MARCIE CUFF: Oh, the only thing I can think of is advice for people just to get outside and move away from your comfort zone and get away from a screen and just go outside and pay attention to what’s going on around you.

DEBRA: Excellent advice. Excellent, excellent. And you will see a change. You will notice the world in a different way.

Thank you so much, Marcie for being on the show. Thank you for writing this book. I certainly am going to have fun with it and I help a lot of my listeners do it as well. Thanks for being with me today.

MARCIE CUFF: Thank you so much.

DEBRA : You’re welcome. You’re listening to Toxic Free Talk Radio and you can go to ToxicFreeTalkRadio.com. The first thing that you should do is to scroll down the page and send me an email that you’d like to be one of the people in the drawing for a free copy of Marcie’s book.

But also there are other things on the page. You can go to the top of the page and there are other parts of my website. If you click on Shop, it will take you to Debra’s List where you’ll find over 500 different websites that sell toxic-free products.

Many of them are very connected to nature and how they’re made with organic things and just right close to nature. Many of the products are that way. Many are hand-made. Many are things that you can find in local stores.

And then if you click on Q&A, you can ask a question. You can ask a question and I will answer it and my readers will answer it and they’re very, very knowledgeable. There are probably 10 years worth of questions on there. There are thousands of questions and thousands of answers.

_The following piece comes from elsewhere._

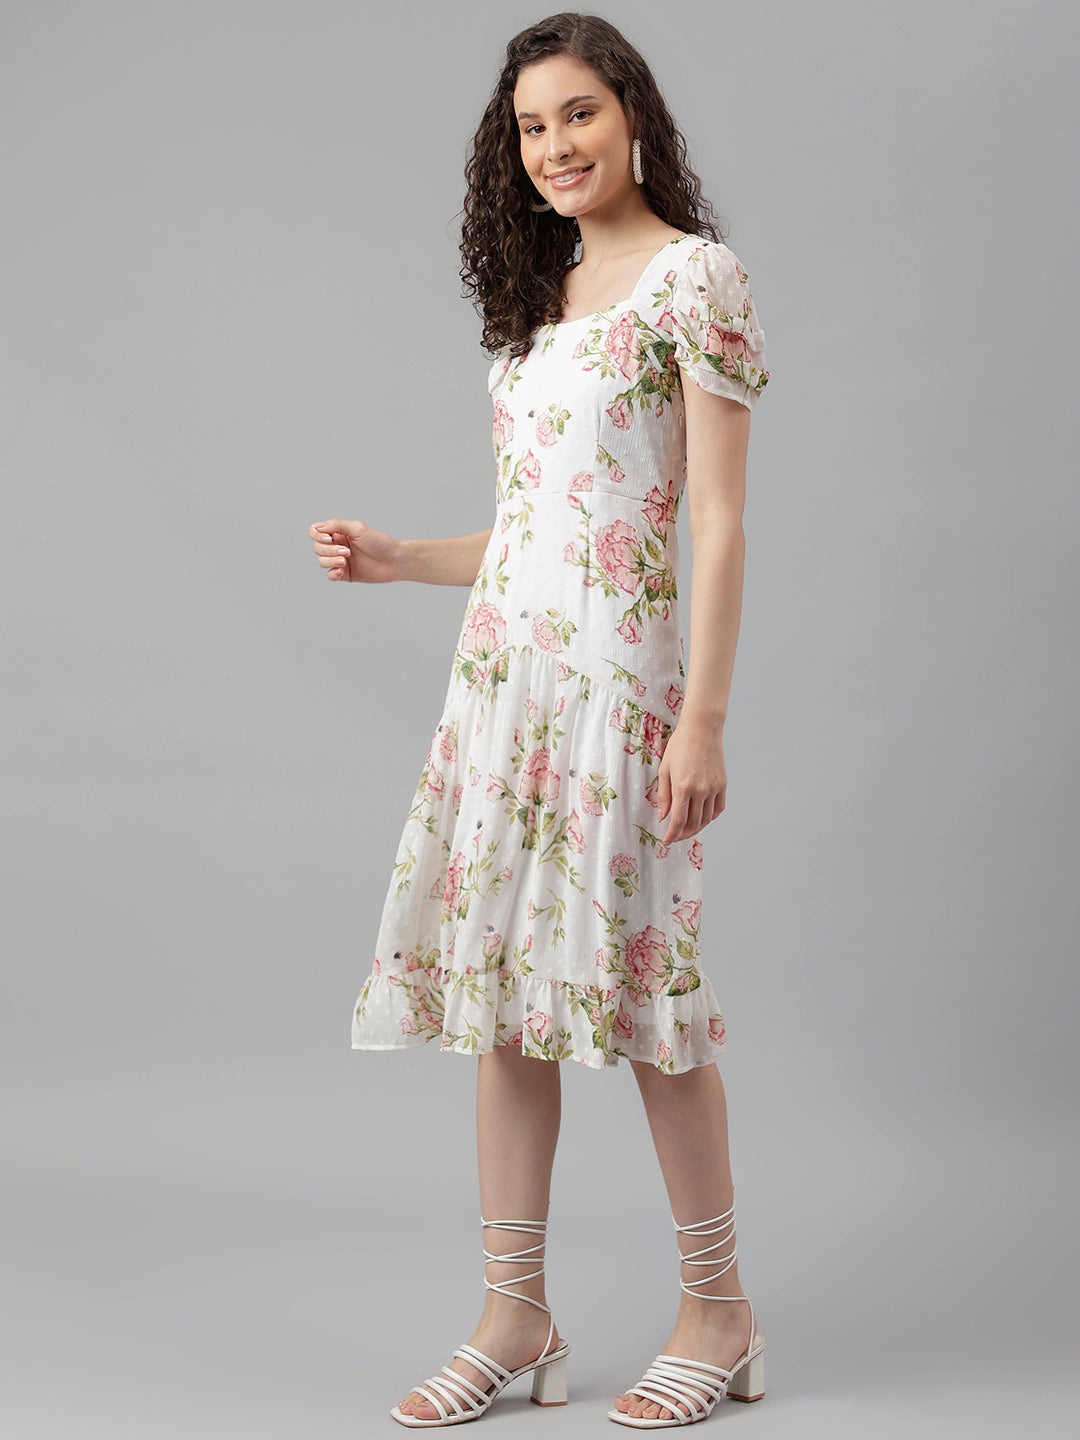 Ivory Half Sleeve Floral Printed A-Line Dress

And then if you click on Body Detox, that’s my blog where all we talk about on that blog is how to remove toxic chemicals from your body because everybody does have toxic chemicals in their body. And everybody needs to remove them in order to have good health. There have been many studies where they test the blood of people, of newborn babies that have toxic chemicals in their bodies. So this is a very important subject.

If you click on Food, you’ll get to my food blog where we talk about how to cook healthy things. And the last one is Nature. And that’s where I talk about how we can reconnect with nature.

You’ve been listening to Toxic Free Talk Radio. I’m Debra Lynn Dadd. Be well.